Variegated Bamboo Seedlings – Summer 2017 Update

Running, at last!
Running, at last!

Keeping my 3 variegated Phyllostachys arcana ‘Luteosulcata’ seedlings inside during last winter, caused seedlings to decline. The older seedling that was once larger, hardly managed to survive the winter. At first, they seemed healthy, but they all got some kind of mold infection soon, which didn’t have any visible effect on their vigor, yet they started to decline as they stayed inside for too long. When I planted them outside, their leaves recovered and mold issues stopped, but they refused to start shooting.
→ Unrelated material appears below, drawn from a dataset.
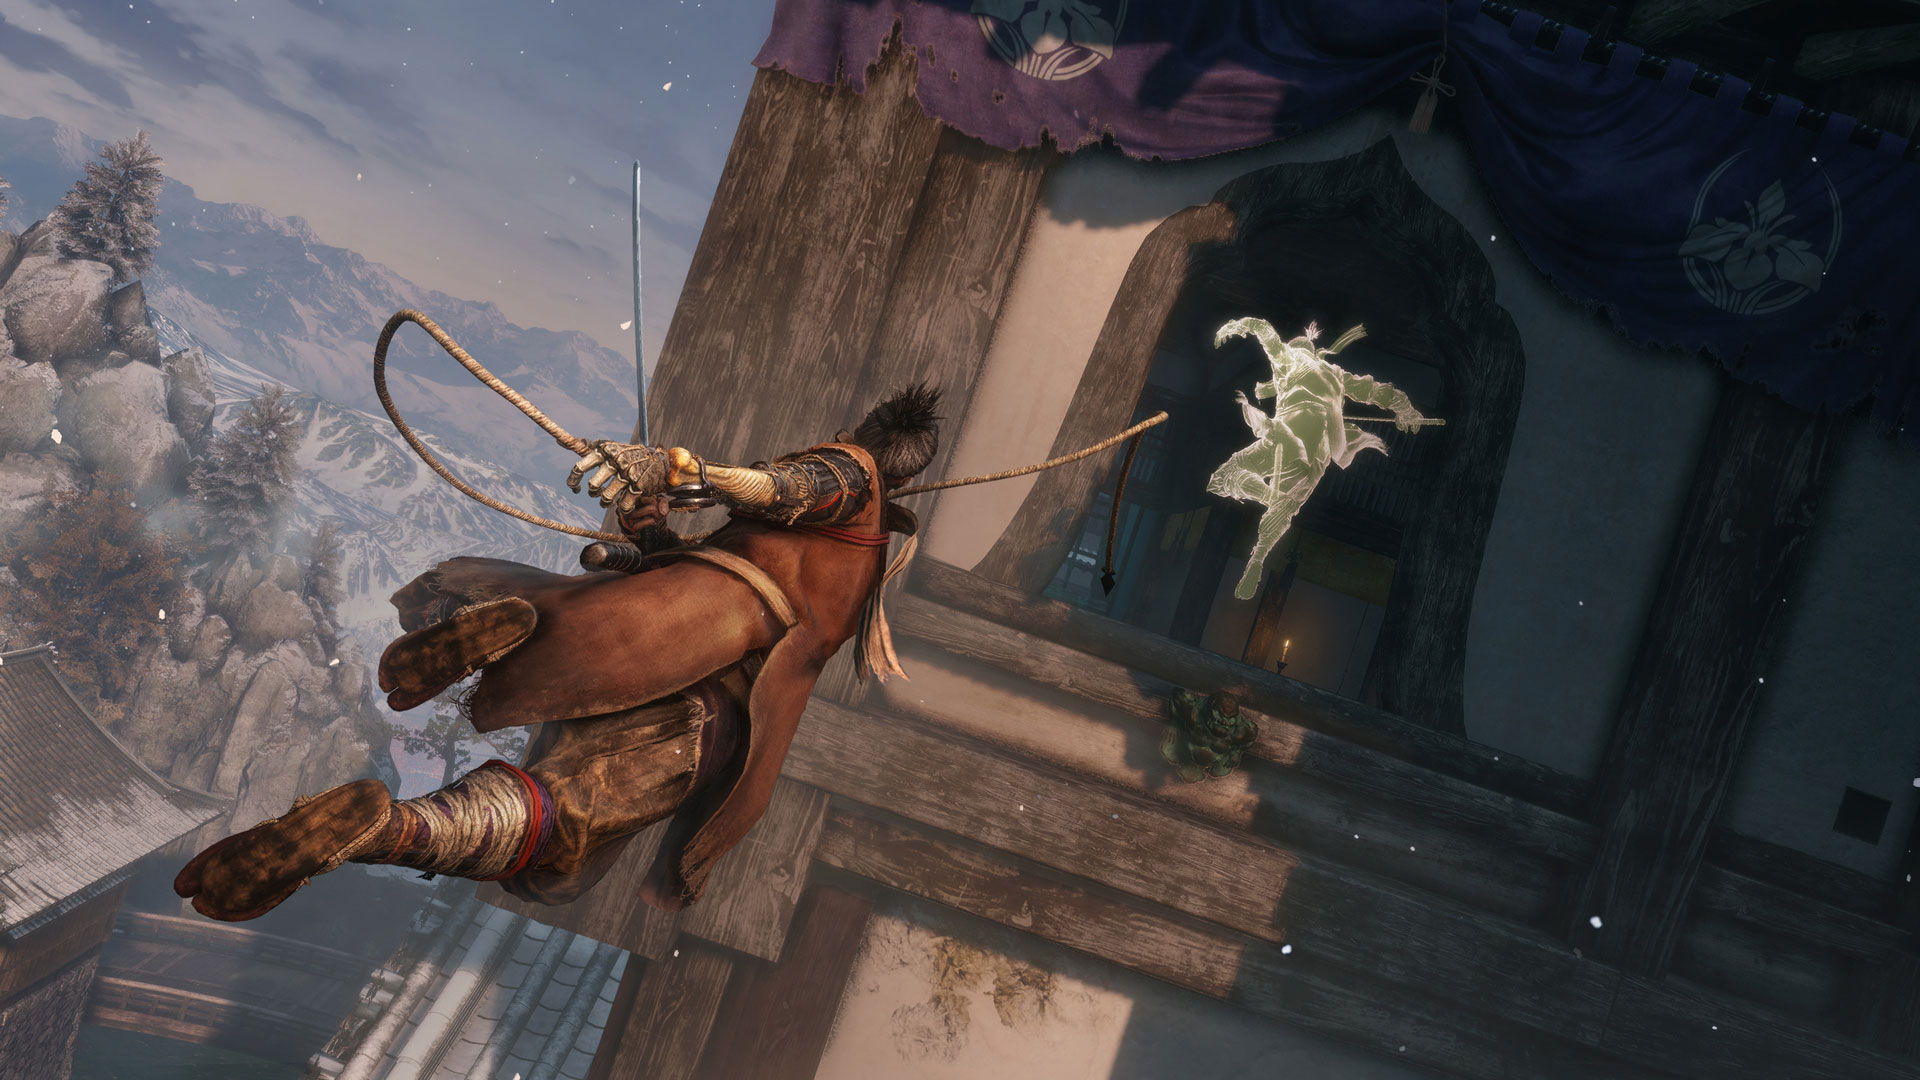 Sekiro Shadows Die Twice - PlayStation 4 : Activision Inc: Video Games

A few words about the weather

Somewhat orange culm is fading to yellow
Somewhat orange culm is fading to yellow

This year we’ve had a cold spring with severe late freezes. Cold did not harm the variegated seedlings, but the infected moldy leaves fell down. I suspect the much brighter sun fried them completely. New leaves were healthy until later in the summer. Summer brought very warm weather without much precipitation. Temperatures rose up above 38°C a few times and stayed above 30°C almost the whole summer. I planted the seedlings into raised bed, which made them suffer drought a bit more, despite frequent watering.

Heat stress resilience

Seedling after hot dry summer
Seedling after hot dry summer

During first half of the summer, all the seedlings managed to cope direct sun exposure extremely well. I expected the two highly variegated seedlings to have issues with bright light conditions, because I’ve seen last year how their leaves tend to bleach due to sun exposure. Until mid June, there was no damage on any of their leaves. They looked fascinating, despite the fact that they never started shooting and all the leaves and branches were the result of growth that was initiated inside. As summer progressed and sun reached the highest point in the sky, leaves of both bright variegated bamboo seedlings started getting bleached. The strength of the sun was just too much for them to handle. At the same time, we’ve had temperatures above 35°C, which only added some additional stress to the plants. The leaves of all the seedlings curled during the heat and watering didn’t help much. They were not able to supply enough water to replenish the water lost due to transpiration. Over all, heat and sun related resilience was good. I am impressed.

Drought stress

In mid summer when the heat was hardly bearable, drought kicked in. Constant wind and very high temperatures started to show first signs of damage on the leaves. Daily watering was not enough to keep the soil wet, but even when the soil dried out, bamboo seedlings got enough water from deeper roots. When the seedlings mature, I expect them to fare drought even more. In the end of the summer, leaf tips stopped drying. At the same time I noticed they were not sitting idle during the summer. They were producing, a lot!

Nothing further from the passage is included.